Shane Book’s All Black Everything (University of Iowa Press) is a promise kept. It is an altar to the church that gave him his art.
Book’s poetry is sonic, sound forward and unyielding. He wants you to know he’s Black and he’s in love with his people. This lyric is fluid; movement is necessary to his meaning. Each line plays on the one before it and flirts with the one that follows. All Black Everything should be read one poem at a time, each one chewed on, absorbed slowly on its own before continuing.
This isn’t how I usually read poetry. I might read five poems at a time and set the book down, but All Black Everything requires attention — begs to be read aloud. Demands to be heard and for its rhythm to be freed from the page.

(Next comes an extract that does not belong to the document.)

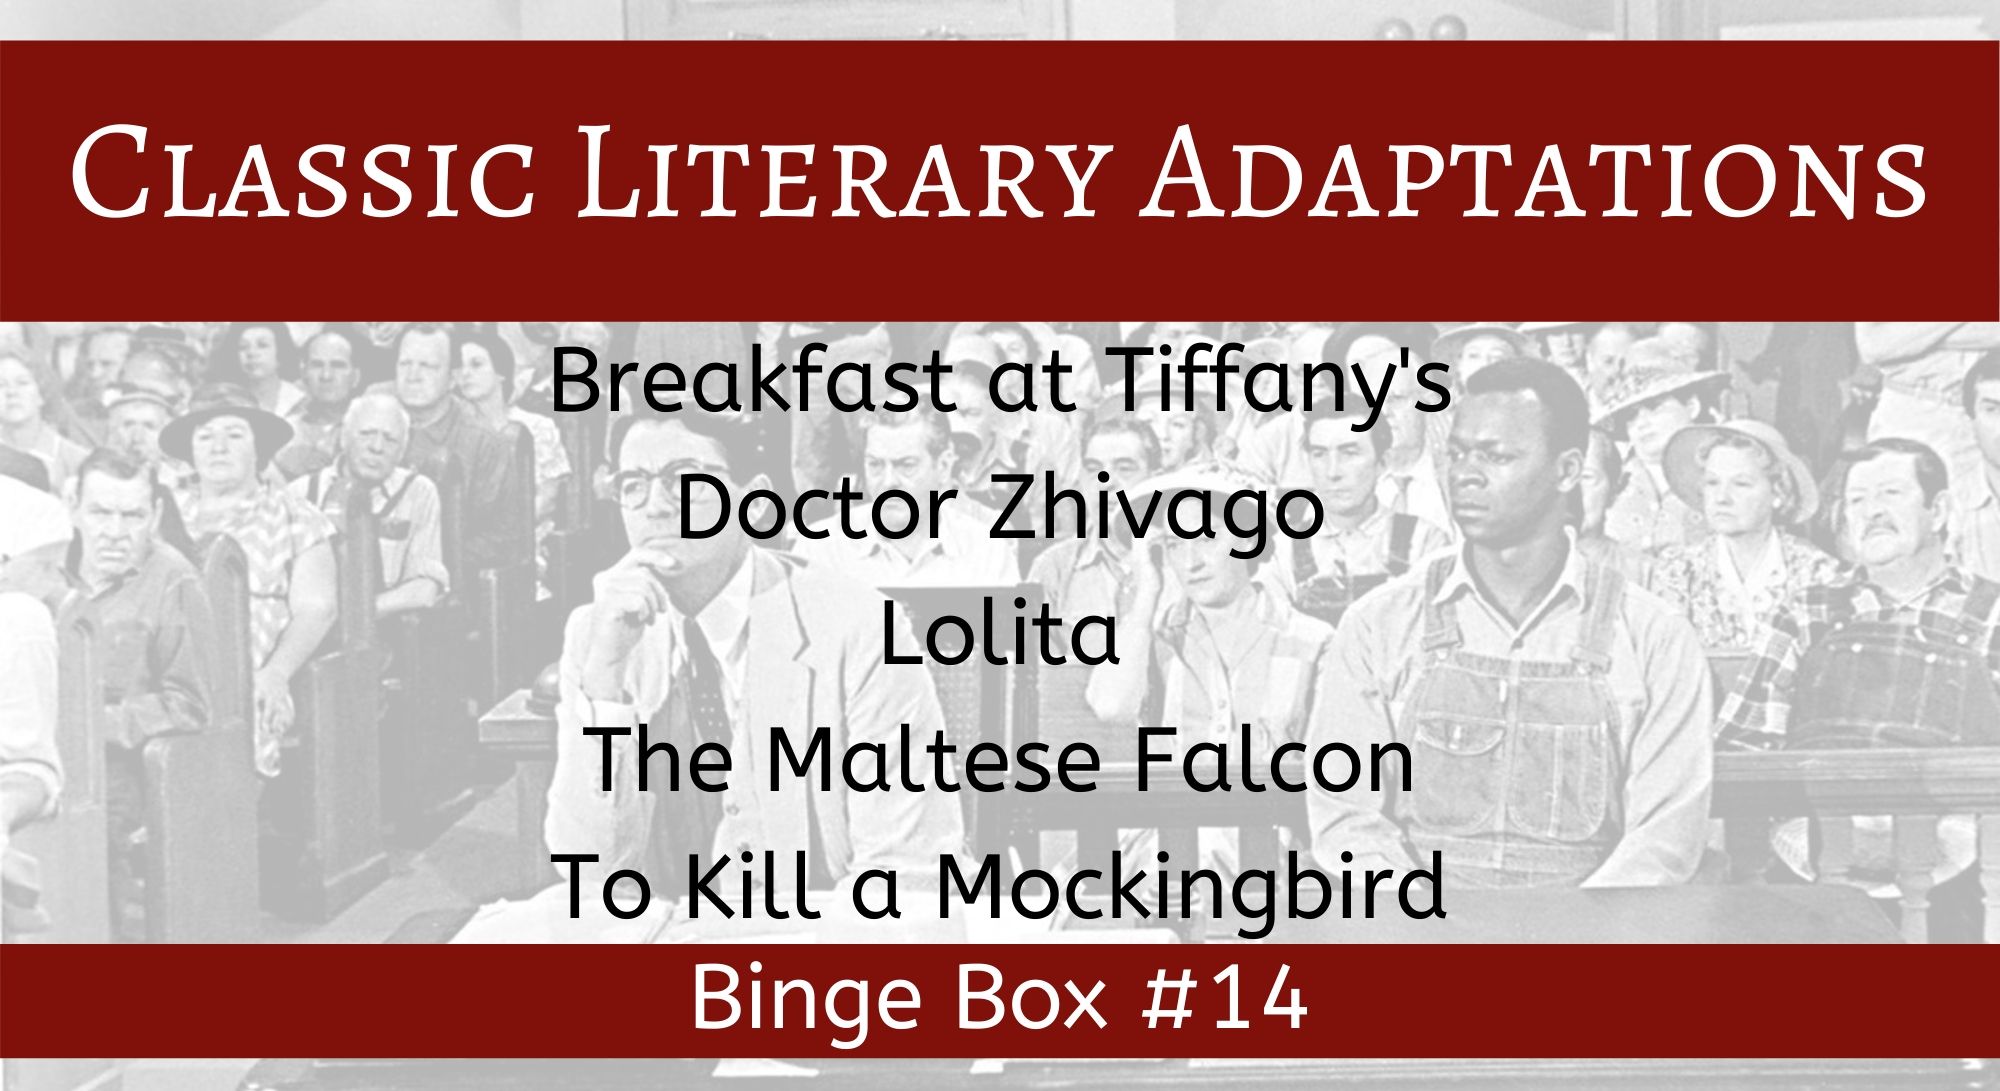 Classic Literary Adaptations Binge Box

It’s difficult to say more about this book without excerpting and it’s difficult to excerpt something that builds on itself so deliberately and that folds in on itself by repeated meters and cultural images. In each poem, Book describes a moment and brings his readers to movement through meter and urgency. He alternates between AAVE, writing words phonetically as they’re spoken, and using words I had to look up in the dictionary. This book takes issue with expectations, subverts them and opens itself up to the reader to live in the moment of each poem and become absorbed in by the rhythm of each poem.
Book’s command of language is unparalleled and his interest in my comfort is nonexistent. All Black Everything is what art is supposed to be: Language manipulated to the artist’s demands; the reader at the writer’s mercy.
While it is the linguistic meter and hyper-real imagery that make this collection so special, Book also deftly uses more traditionally beautiful language as in “Juice Juice:” “a fortress can be built / to a bay, a bay dug / up as a fleet of canoes, / planes, even a rubber / tree can curve / like a summer.” In “Going Forward” he describes a specific scene in which “Everything is amped up / is unreal-real everything.” but closes with the most subtle gut-punch, “It takes a muscle / to fall in love.”
I want to be able to do this collection justice. I want to show you Book’s cadence, the magic in verse meant to be heard through headphones. I had to stop myself from looking up video performances because I didn’t want it to color my review. But I can hear him when, in “I Know I’ve Reached Peak Shane,” he says,
Real talk: this run-by-Queen-Victoria / British Empire outpost / of the history of the goddamn / complete world / —opium, Scottish / Presbyterian gangster shit, / the man flavor / profile for toothpaste, incidentally. / What a charge. Hit the past so hard / make it float-wait. I’m not / no Airbnb sucka, / I went to driving school, / drove a plug-in hybrid / sports car by Porsche / in my mind, 918 Spyder / maximum torque insect in my mind, / fastest electric coffin ever maimed.
It is all music, it is all urgent, every poem is a declaration. Book is here. He is taking up space. And he is not compromising himself to do so.